One game into his United restoration project, Ruben Amorim is already aware of the greatest obstacle to his chances of success in England.
Pressing from the front, as a unit, at an elevated level of intensity is integral to the Amorim modus operandi. On Sunday, as he waved his players forward time and again to pressure Ipswich players into making a pass under at least some duress, Amorim spent more energy instructing his charges than those on the receiving end of the messages.
Amorim could not believe it when Rasmus Hojlund jogged around aimlessly, as Ipswich goalkeeper Arijanet Muric was able to consider his options for what would have seemed, to the new United boss, like an eternity.
Casemiro was equally reluctant, like a nervous teenager at a school disco, glancing back at an animated Amorim on the bench in the hope he had stopped trying to push the Brazilian onto an Ipswich centre-half. There was no such withdrawal.
As Amorim trudged off the Portman Road pitch, he seemed lost in his own thoughts.
“We will have to suffer for a long time,” was his assessment after Sunday’s reality check. While the “Smiling One” may come across as one of the more likeable coaches in world football, there is one area he will simply not compromise.
“When we were together at Sporting, I would tell Ruben that a certain player had too many skin folds,” one of Amorim’s former coaches at Sporting Lisbon tells i. “If he had what we agreed were too many, that player would not play for two weeks, until they got their fitness back up.”
Skin folds tests are a method for estimating body-fat percentage, one which can be administered with a simple pinch between the fingers.
Top-level clubs don’t really have unfit players, not given the dieticians, physicians, personal trainers and yoga instructors in place to provide additional support to the vigorous fitness drills.
While Amorim won’t be going round the Carrington dressing room pinching Bruno Fernandes’ midriff, to be able to pressurise like he wants his teams to, the Portuguese will be hoping to raise the standards among the squad, helping them realise that being able to run for 90 minutes alone is not enough.
His players must be at optimum physicality at all times. That means as well as endurance, they must be able to morph into short, sharp, pressing monsters when instructed.
During training games, in which Amorim, unlike many of his predecessors, plays a very hands-on role, he will shout “ball lost” in the middle of move, and players, in all positions, must sprint back into position, as fast as possible, without losing their formational shape or awareness of where the ball is.
It may sound simple – Manchester City and Liverpool have mastered the craft – but as standards have slipped at Old Trafford, so has the desire and hunger to put teams on the back foot as soon as they are in possession.
“It is not punishment, banning players with too many skin folds,” the Sporting coach continues. “It is about getting standards across, to young players learning what it takes, and older ones who may have forgotten. It is one of many ways we found that extra level.”
Ten Hag was renowned for his intense running session. After a particularly lacklustre display against Brentford early on in his tenure, he brought his struggling players in, on their day off, and had them running eight-and-a-half miles.

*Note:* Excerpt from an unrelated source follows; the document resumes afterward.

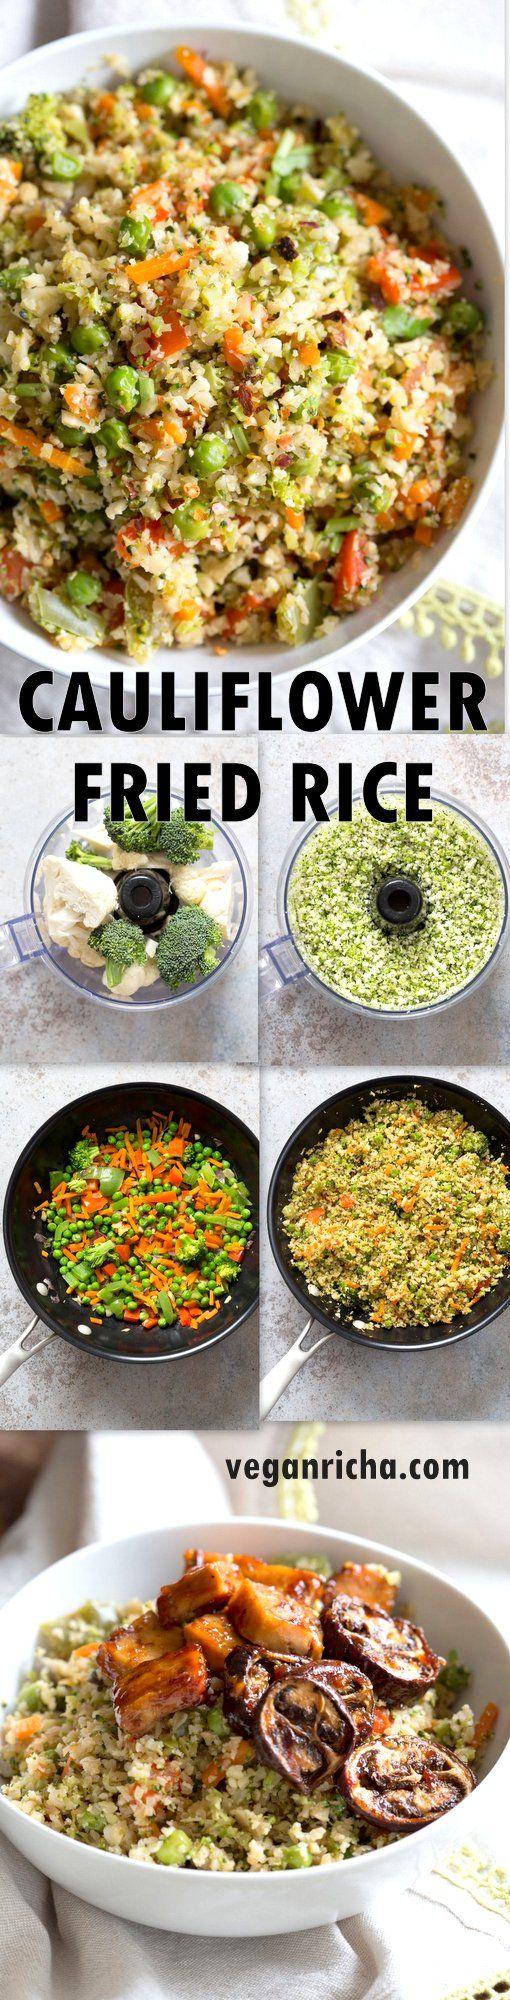 Vegan Cauliflower Fried Rice - 1 Pot Cauliflower Fried Rice. Easy 1 Pot Fried Rice. No grains, low carb. So fluffy and so good. |

The ability to keep going at less than full pelt clearly was not a problem. But the ability to quickly close down defenders in possession was.
“It’s not technical or tactical,” the coach adds. “But being so obsessed with players being at their optimal fitness levels is something that helps you discover who has the desire and character to succeed. You have to want it to get there [the top].
“It is not something people see, but does not make it less important.”
Except in Manchester, the revolution will be televised. While Ten Hag hated having the cameras present at training, as it would enable opponents to get an insight into how he sets his teams up, Amorim and his staff, one insider said, are “much more relaxed” when it comes to opening the Carrington gates to the media: “They don’t seem to care at all.”
It is almost as if the new boss wants everyone to see that one of the most expensive-assembled squads in history will be put through its paces, in an altogether different way to before.